Manufacture of cement
Portland cement is manufactured by crushing, milling, and proportioning the following materials:
- Lime or calcium oxide, CaO: from limestone, chalk, shells, shale or calcareous rock
- Silica, SiO2: from sand, old bottles, clay or argillaceous rock
- Alumina, Al2O3: from bauxite, recycled aluminum, clay
- Iron, Fe2O3: from clay, iron ore, scrap iron and fly ash
- Gypsum, CaSO4.2H20: found together with limestone
The materials, without the gypsum, are proportioned to produce a mixture with the desired chemical composition and then ground and blended by one of two processes – dry process or wet process. The materials are then fed through a kiln at 2,600º F to produce greyish-black pellets known as clinker. The alumina and iron act as fluxing agents which lower the melting point of silica from 3,000 to 2600º F. After this stage, the clinker is cooled, pulverized and gypsum added to regulate setting time. It is then ground extremely fine to produce cement.

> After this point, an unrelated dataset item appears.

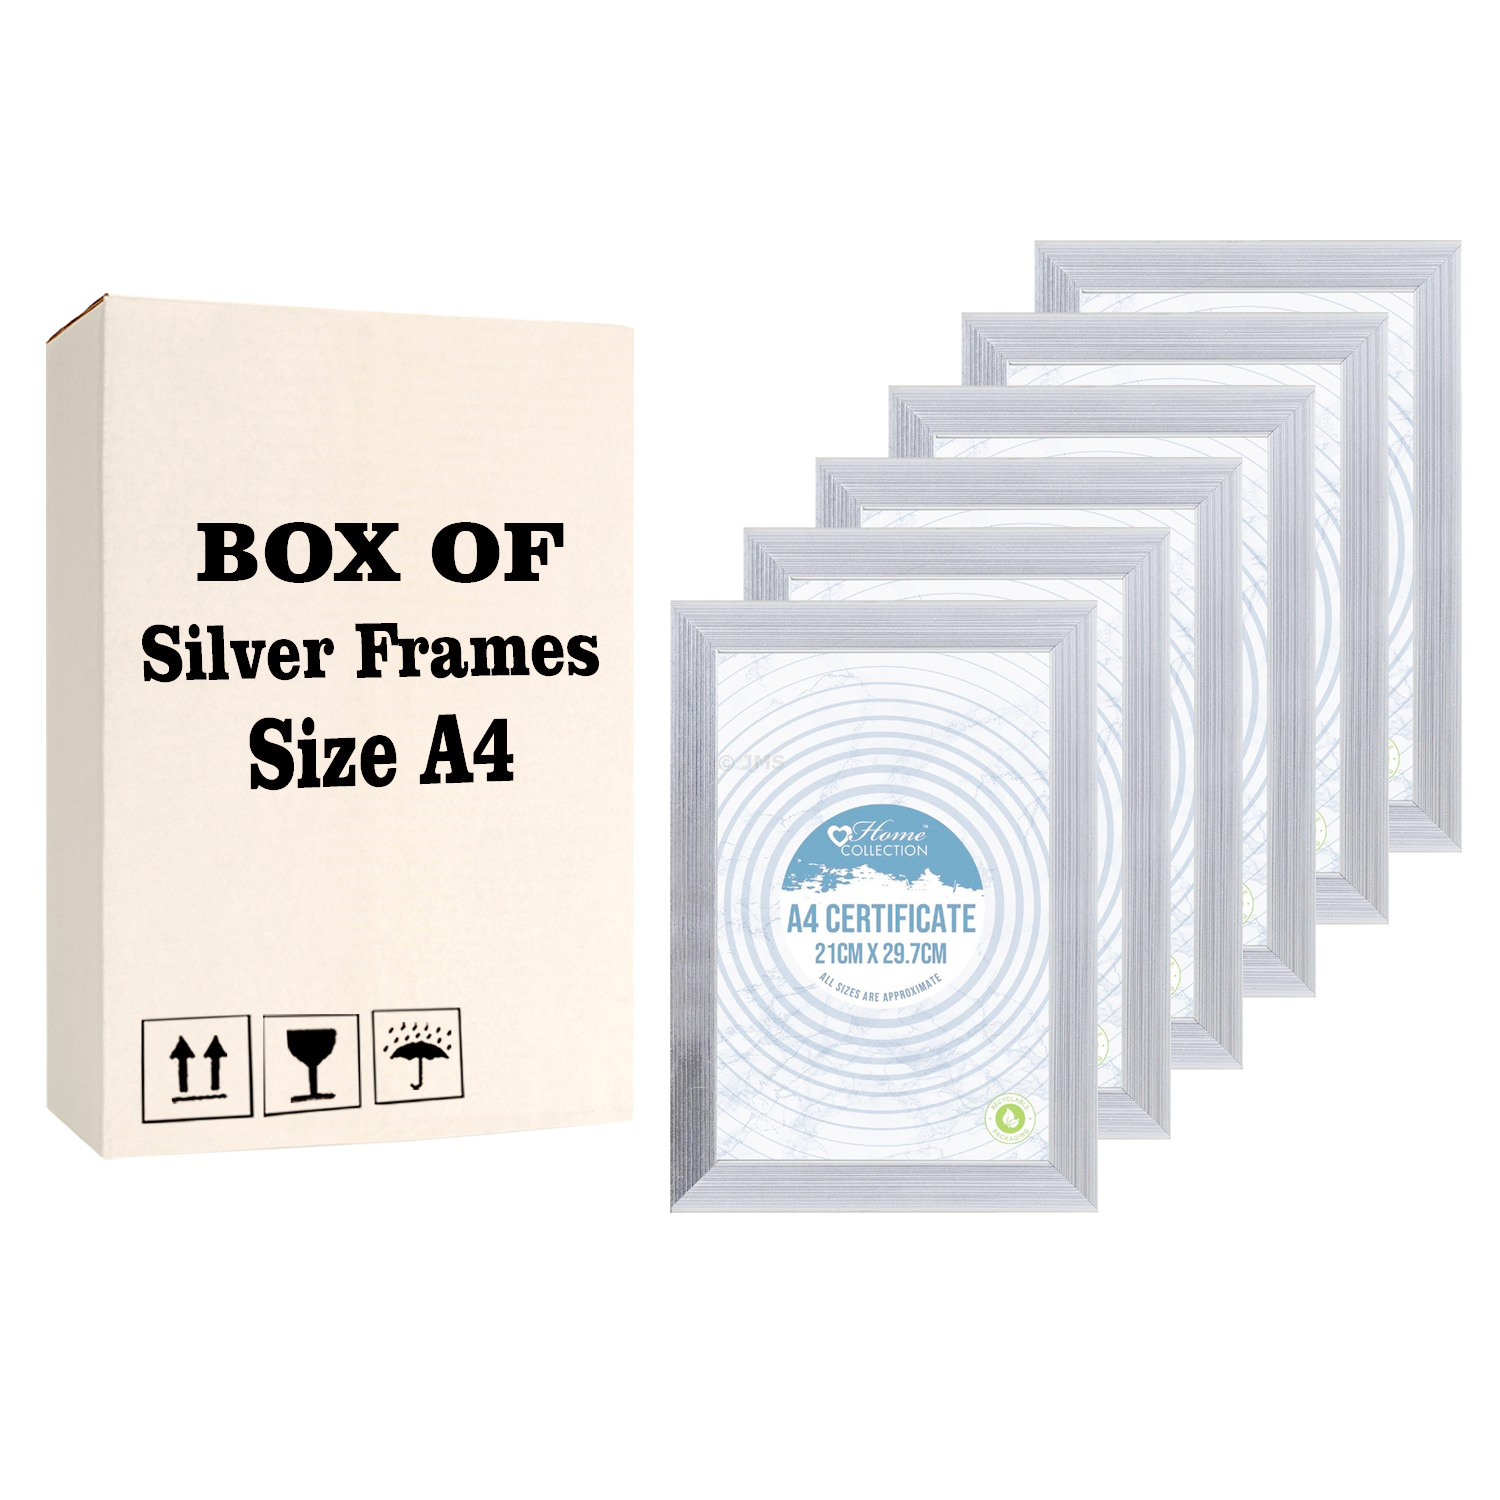 Box of 24 Silver Photo Picture Frame A4 (21 x 29.7cm) Certificate Frames Cambridge Glass Wall Mountable Portrait Poster Puzzle Art Print

Because of the complex chemical nature of cement, a shorthand form is used to denote the chemical compounds. The shorthand for the basic compounds is:
|Calcium oxide (lime)||Ca0||C||60-65|
|Silicon dioxide (silica)||SiO2||S||17-25|
|Aluminum oxide (alumina)||Al2O3||A||3-8|
Chemical composition of clinker
The cement clinker formed has the following typical composition:
|Compound||Formula||Shorthand form||% by weight1|
|Belite or dicalcium silicate||Ca2SiO5||C2S||25-40|
|Alite or tricalcium silicate||Ca3SiO4||C3S||25-50|
Properties of cement compounds
These compounds contribute to the properties of cement in different ways-
Tricalcium aluminate, C3A: –
It liberates a lot of heat during the early stages of hydration but has little strength contribution. Gypsum slows down the hydration rate of C3A. Cement low in C3A is sulfate resistant.
Tricalcium silicate, C3S: –
This compound hydrates and hardens rapidly. It is largely responsible for Portland cement’s initial set and early strength gain.
Dicalcium silicate, C2S: –
C2S hydrates and hardens slowly. It is largely responsible for strength gain after one week.
Ferrite, C4AF: –
This is a fluxing agent which reduces the melting temperature of the raw materials in the kiln (from 3,000o F to 2,600o F). It hydrates rapidly but does not contribute much to the strength of the cement paste.
By mixing these compounds appropriately, manufacturers can produce different types of cement to suit several construction environments.